Brought up in the prosperous Birmingham suburb of Solihull, as a child she sang in the church choir and did paper rounds to raise money to feed her beloved Welsh mountain pony, Laddie.

She left school at the age of 15 and took a job as a sales assistant . She began modelling and was "discovered". She was cast in a film, draped herself over a Mini at a motor show, then, at 16, ran away to London.

On her first day in the city she answered an advert placed by a Soho club for dancers.

It was there that she met Keeler, and the two women briefly shared a flat.

Through Keeler she met Ward (with whom she had an affair), and was soon circulating in smart London society, although, like Keeler, she always denied being a prostitute.

"We were just young girls in search of a good time," she told a radio interviewer last year. On another occasion she observed: "I was certainly game, but I wasn't on it."

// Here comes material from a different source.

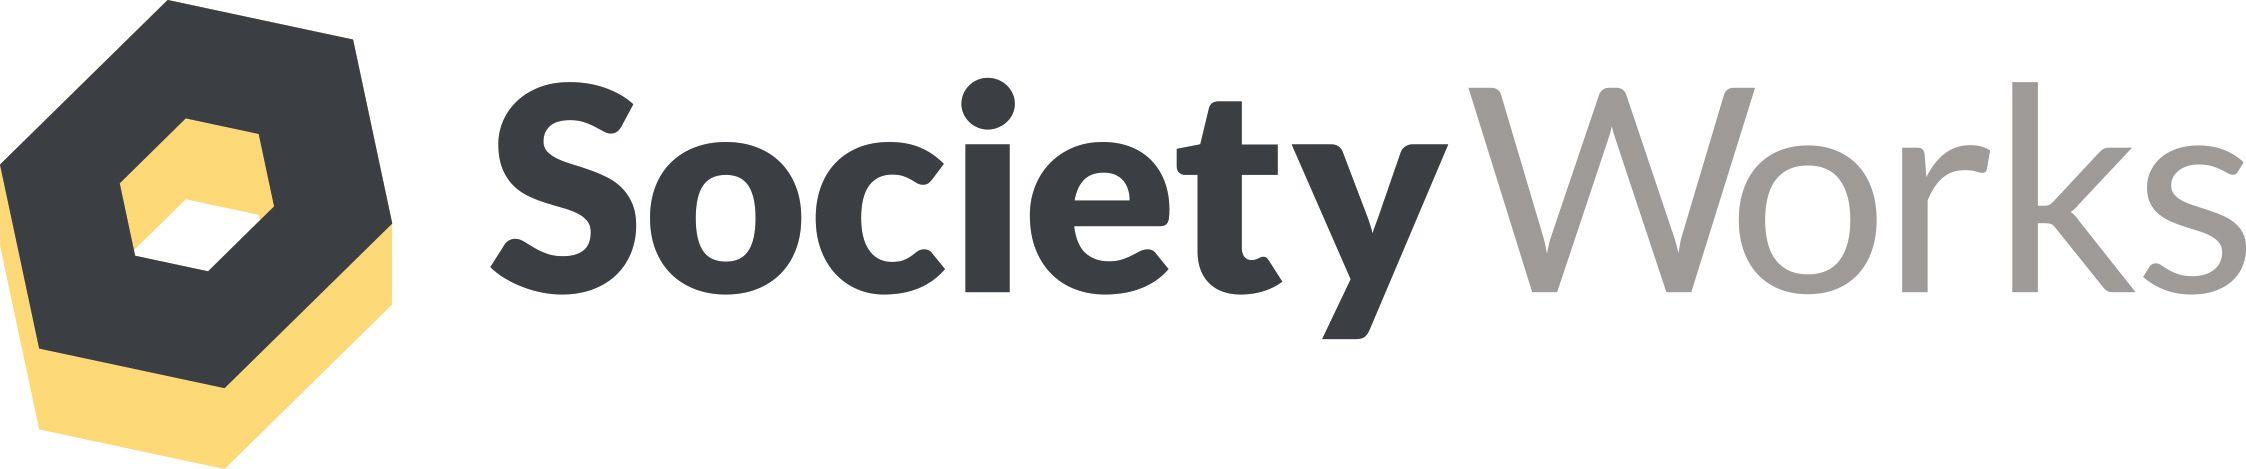 SocietyWorks

After the trial ended, Rice-Davies accepted an invitation to be a cabaret singer in Germany, where she found solace with a new love (in 1966 she was cited in a divorce case by a Baroness Cervello against her husband Baron Cervello), before moving to Spain, then to Israel, where, aged just 21, she married Rafael Shaul, a former El Al steward.

Together, she and her new husband built a chain of restaurants and opened a nightclub in Tel Aviv.

Rice-Davies, who is survived by her daughter, married twice more and notched up acting credits including in the long-running West End production, No Sex Please, We're British.